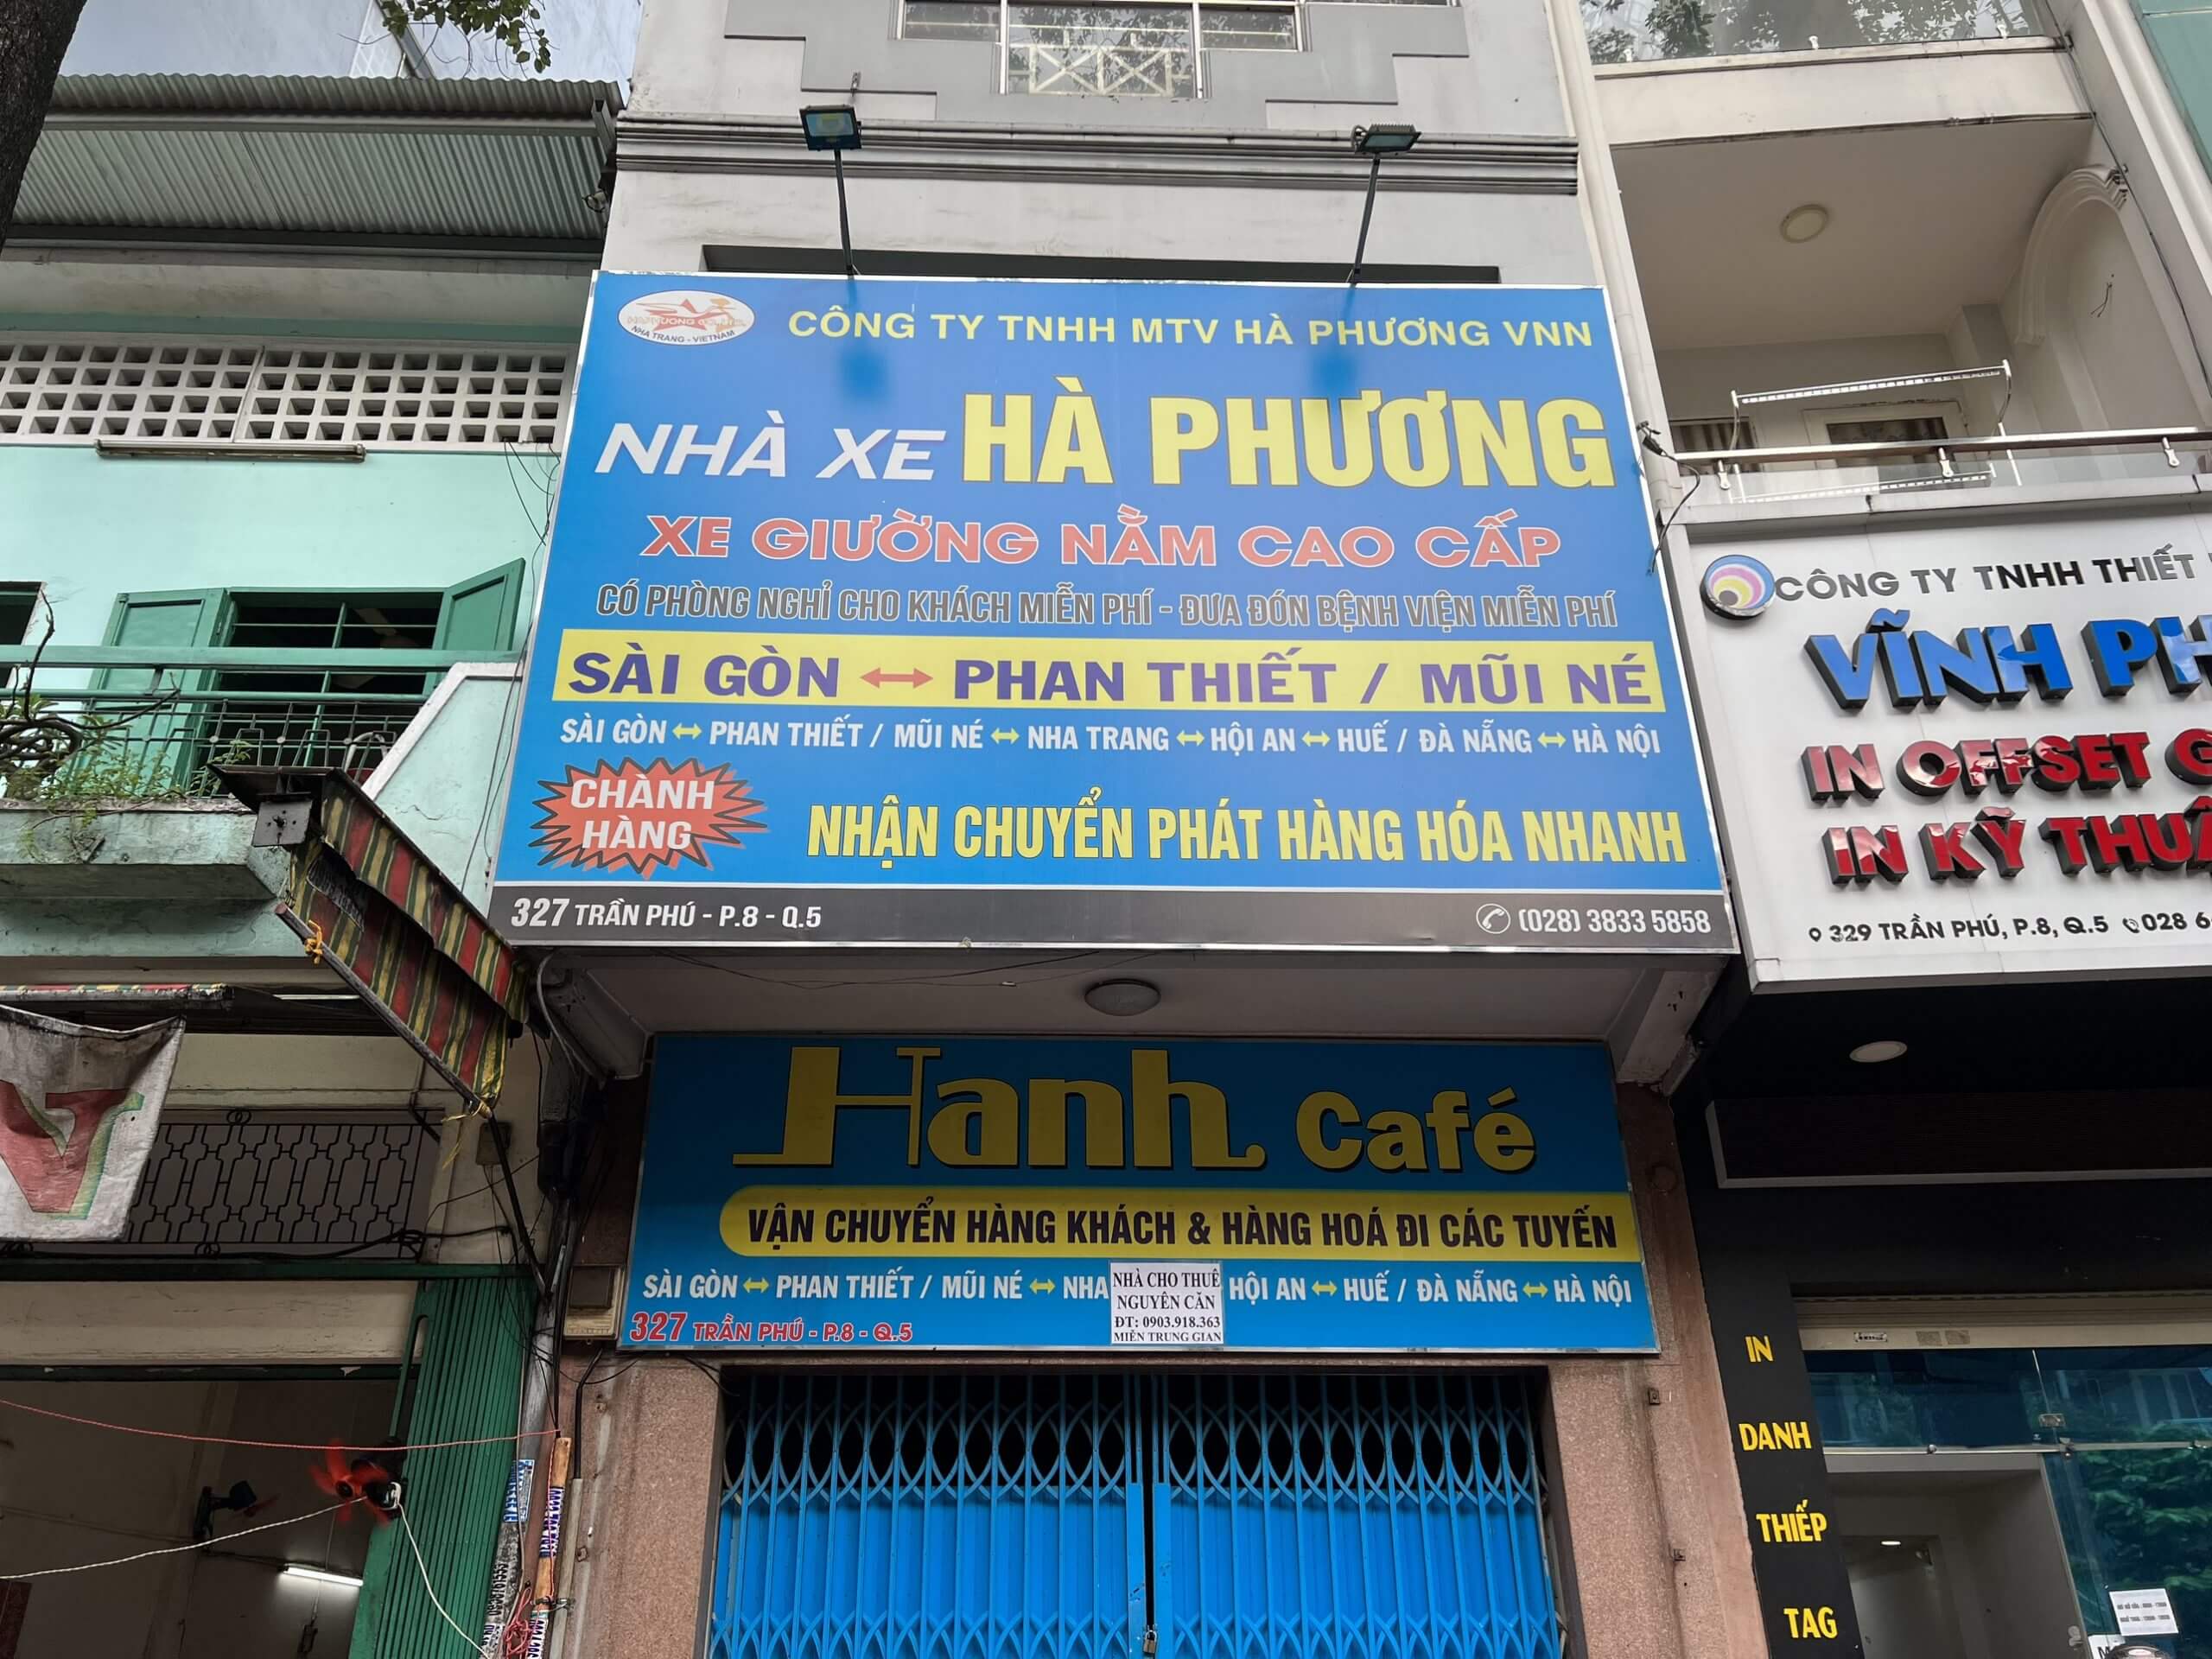 Chi nhánh hà xe Hạnh Cafe
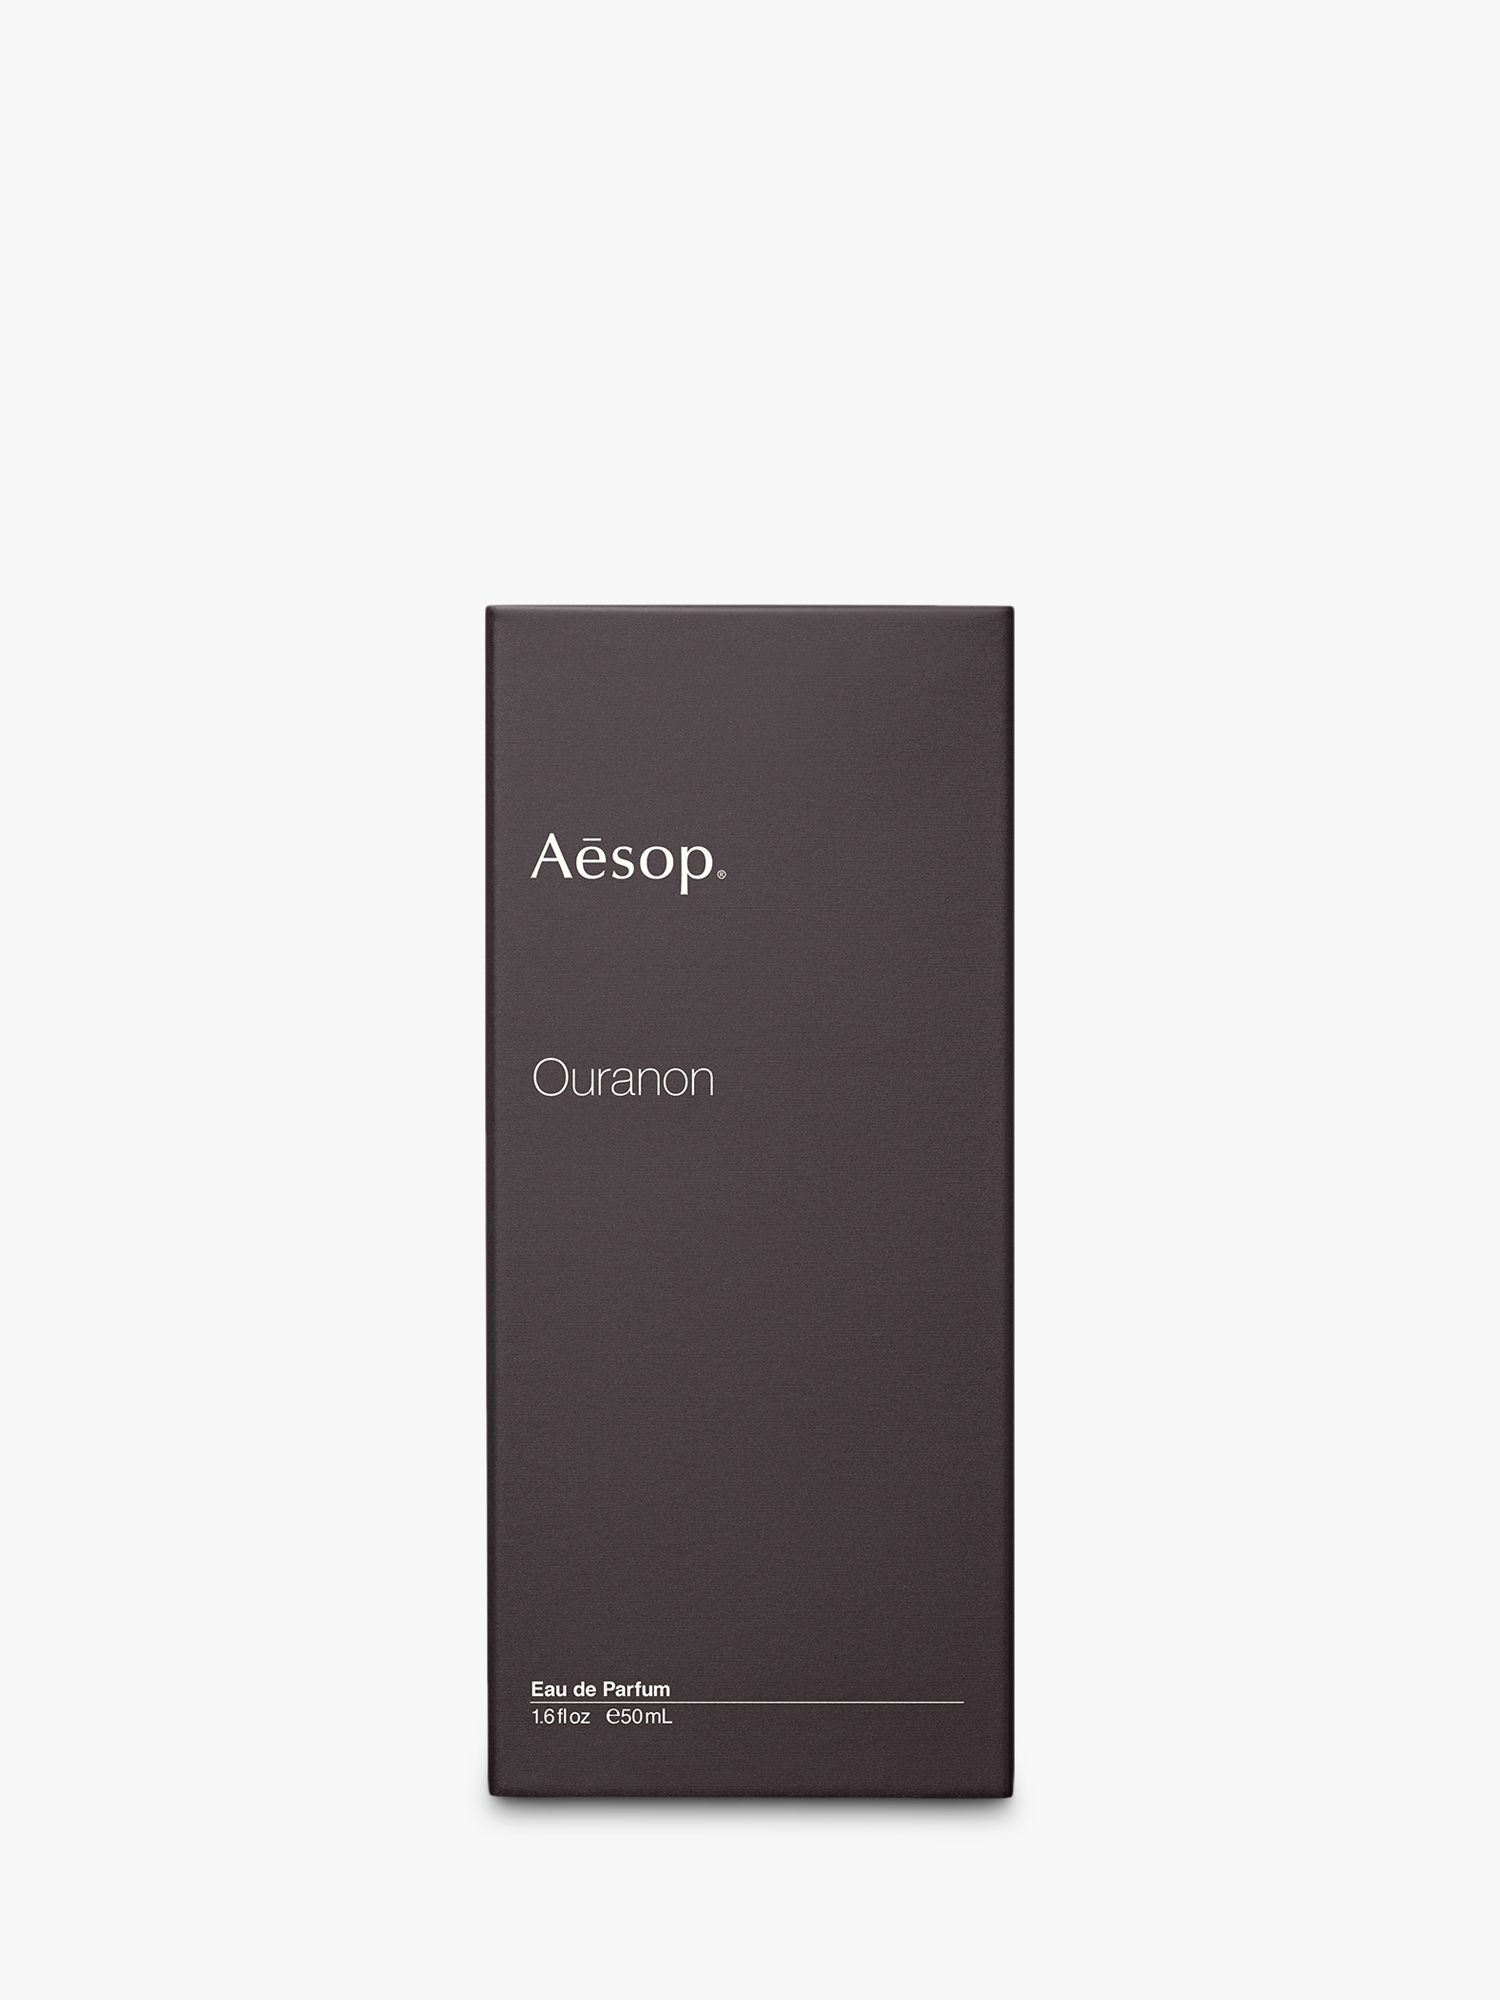 Aesop Ouranon Eau de Parfum, 50ml
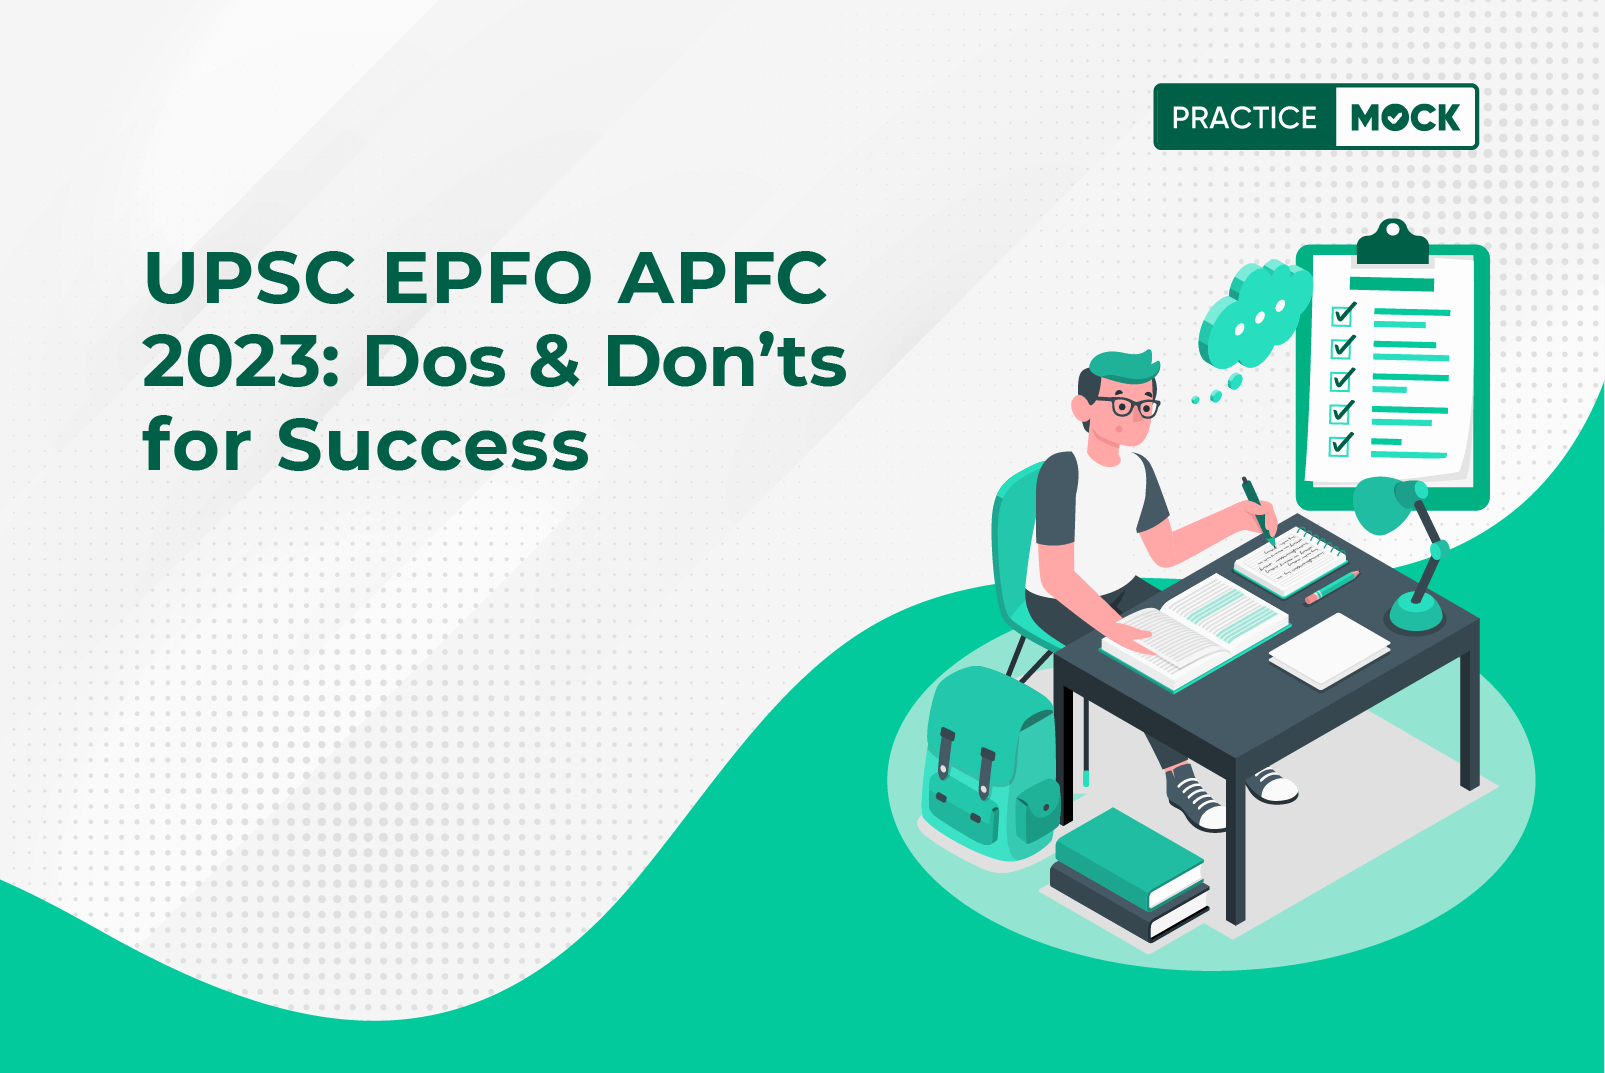 UPSC EPFO APFC 2023-Dos & Don'ts for Success

▶ Instructions for the task
Extract all the data above exactly, excluding every picture.

▶ Task response
 Chi nhánh hà xe Hạnh Cafe
 Aesop Ouranon Eau de Parfum, 50ml
 UPSC EPFO APFC 2023-Dos & Don'ts for Success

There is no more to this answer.